■ Exercise ■
Exactly the lines from the one that holds "JW Player Announces" to the end of the data below: retype these and nothing else.

Records excerpted from a collection

_ _ _ _

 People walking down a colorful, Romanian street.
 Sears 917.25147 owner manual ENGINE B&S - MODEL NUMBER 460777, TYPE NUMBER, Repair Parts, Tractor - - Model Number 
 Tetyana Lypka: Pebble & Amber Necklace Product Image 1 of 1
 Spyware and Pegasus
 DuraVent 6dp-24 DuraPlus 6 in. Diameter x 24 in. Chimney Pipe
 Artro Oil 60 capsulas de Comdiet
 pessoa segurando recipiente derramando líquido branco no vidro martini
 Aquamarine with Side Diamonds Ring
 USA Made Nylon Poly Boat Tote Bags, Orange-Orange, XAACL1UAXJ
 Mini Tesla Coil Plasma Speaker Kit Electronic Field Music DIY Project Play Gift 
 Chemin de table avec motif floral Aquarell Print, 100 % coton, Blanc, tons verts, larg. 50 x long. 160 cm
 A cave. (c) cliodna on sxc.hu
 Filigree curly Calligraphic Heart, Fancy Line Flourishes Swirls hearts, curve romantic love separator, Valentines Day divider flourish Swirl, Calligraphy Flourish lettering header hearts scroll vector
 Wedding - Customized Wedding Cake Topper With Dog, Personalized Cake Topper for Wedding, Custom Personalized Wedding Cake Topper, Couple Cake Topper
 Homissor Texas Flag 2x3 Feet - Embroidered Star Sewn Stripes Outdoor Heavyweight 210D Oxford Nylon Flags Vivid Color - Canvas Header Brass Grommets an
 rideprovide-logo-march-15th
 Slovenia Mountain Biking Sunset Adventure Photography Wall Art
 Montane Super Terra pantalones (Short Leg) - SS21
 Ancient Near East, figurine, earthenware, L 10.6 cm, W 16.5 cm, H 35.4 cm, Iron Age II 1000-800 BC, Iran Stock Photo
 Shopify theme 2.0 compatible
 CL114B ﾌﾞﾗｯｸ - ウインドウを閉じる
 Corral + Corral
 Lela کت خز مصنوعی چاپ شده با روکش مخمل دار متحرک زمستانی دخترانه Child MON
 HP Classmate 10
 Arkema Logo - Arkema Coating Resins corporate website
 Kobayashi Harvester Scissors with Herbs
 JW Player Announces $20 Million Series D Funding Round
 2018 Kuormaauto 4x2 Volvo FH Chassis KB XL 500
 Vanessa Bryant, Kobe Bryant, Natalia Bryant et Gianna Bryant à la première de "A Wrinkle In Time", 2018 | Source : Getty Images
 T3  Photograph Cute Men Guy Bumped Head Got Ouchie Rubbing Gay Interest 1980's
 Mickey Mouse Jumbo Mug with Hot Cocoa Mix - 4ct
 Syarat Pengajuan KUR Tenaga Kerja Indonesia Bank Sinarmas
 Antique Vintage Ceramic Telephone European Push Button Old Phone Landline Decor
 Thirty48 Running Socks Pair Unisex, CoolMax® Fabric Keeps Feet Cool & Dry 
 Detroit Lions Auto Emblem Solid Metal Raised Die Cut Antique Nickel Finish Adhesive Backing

_ _ _ _

■ Response to this task ■
 JW Player Announces $20 Million Series D Funding Round
 2018 Kuormaauto 4x2 Volvo FH Chassis KB XL 500
 Vanessa Bryant, Kobe Bryant, Natalia Bryant et Gianna Bryant à la première de "A Wrinkle In Time", 2018 | Source : Getty Images
 T3  Photograph Cute Men Guy Bumped Head Got Ouchie Rubbing Gay Interest 1980's
 Mickey Mouse Jumbo Mug with Hot Cocoa Mix - 4ct
 Syarat Pengajuan KUR Tenaga Kerja Indonesia Bank Sinarmas
 Antique Vintage Ceramic Telephone European Push Button Old Phone Landline Decor
 Thirty48 Running Socks Pair Unisex, CoolMax® Fabric Keeps Feet Cool & Dry 
 Detroit Lions Auto Emblem Solid Metal Raised Die Cut Antique Nickel Finish Adhesive Backing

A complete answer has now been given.